As unlikely as it seems for a young man with a disability (Arthrogryposis Multiplex Congenita) that requires he walk with crutches Mohammad (not his real name) is a sports enthusiast who works out regularly at a gym near the CWS-organize group home where he lives in Jakarta along with 39 other teens. After inviting a few others to join him, he teaches them how to use gym equipment properly and safely and he coaches them in their weight training, which is his passion. Clearly, there is just no way he lets his disability slow him down.
Also, seemingly unlikely for a young man with an especially tragic history, Mohammad’s is enthusiasm is infectious and he seems to have boundless energy. At age 15 Mohammad left Afghanistan alone after his father was killed for converting to Christianity and the killer threatened his life as well. After finding his way to Indonesia through a difficult air and land journey that is well known to hundreds of young asylum seekers, he was referred by staff from the United Nations High Commissioner for Refugees, to live in a CWS-supported group home for unaccompanied and separated children, many of whom are Afghan, but none of whom are disabled.

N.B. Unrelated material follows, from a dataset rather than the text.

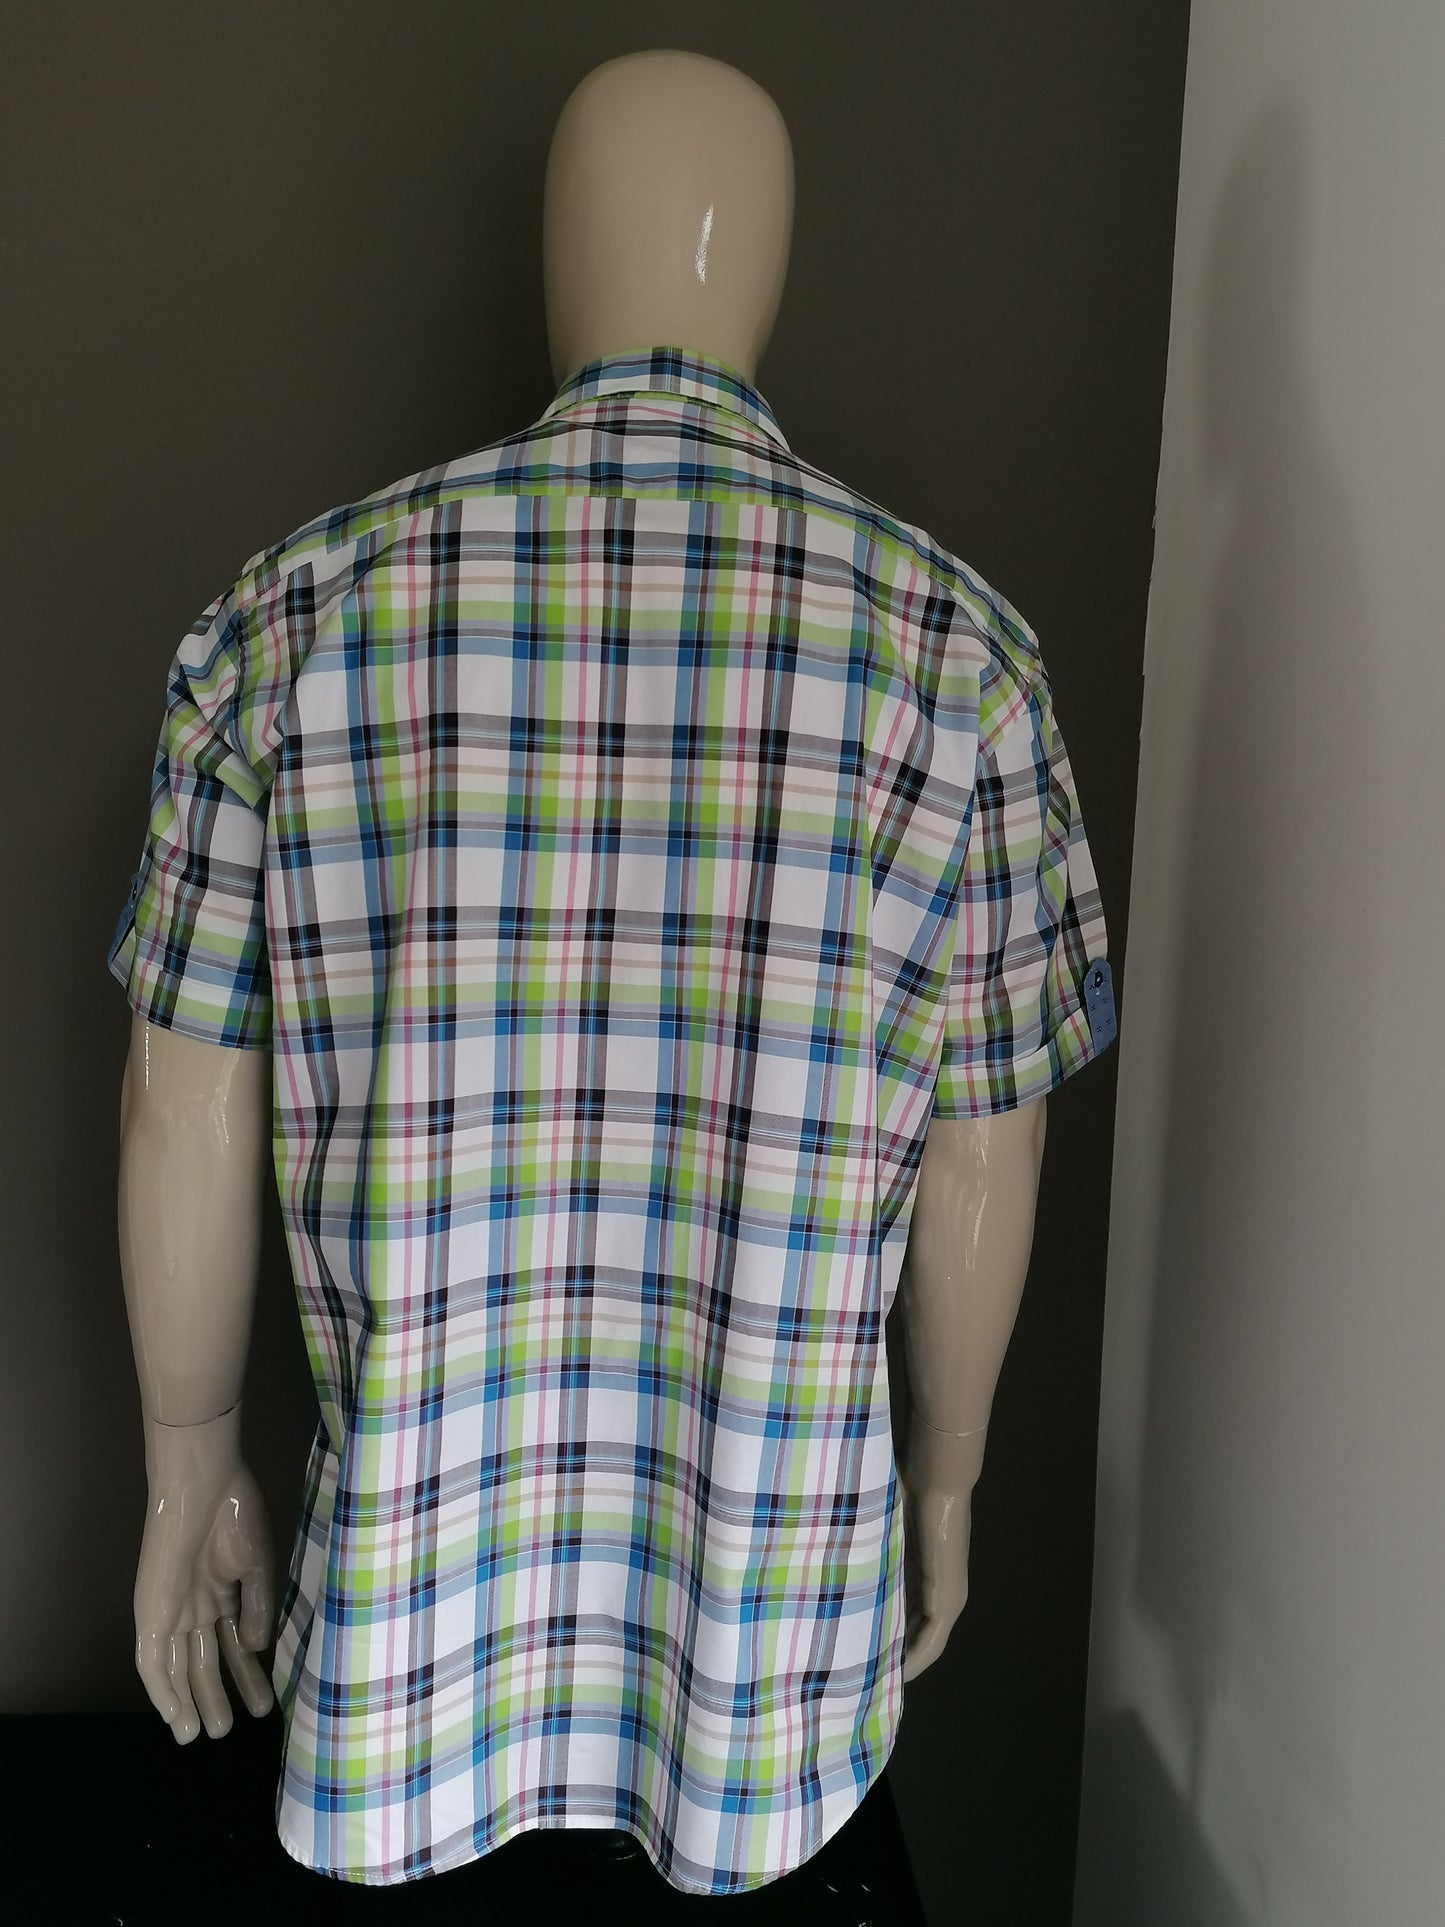 Blumfontain Shirt Short Sleeve. Rouge brun vert bleu vérifié. Taille xxl / 2xl.

Since his need for help in walking never got Mohammad down, CWS staff followed his positivity and sorted out modifying a bathroom for easier access. The Social Workers encouraged him to join activities in the group home, and not just go to the gym alone. “It feels good to live with people I know. They are friends and like family to me. I feel very safe here.”, says Mohammad. While Mohammad enjoys all the classes and daily activities in the group home his favorite past time is still exercise, and he aspires to be a professional body builder and, whether he reaches that goal or not, he is a positive role model for the other children, too – no matter what adversity and challenges they face. Speaking simply and not too loftily, Mohammad says, “I love sports and exercise; they make me feel healthy and happy. I’m also glad to see my friends doing positive activities. And I’m grateful that CWS supports us all for this.”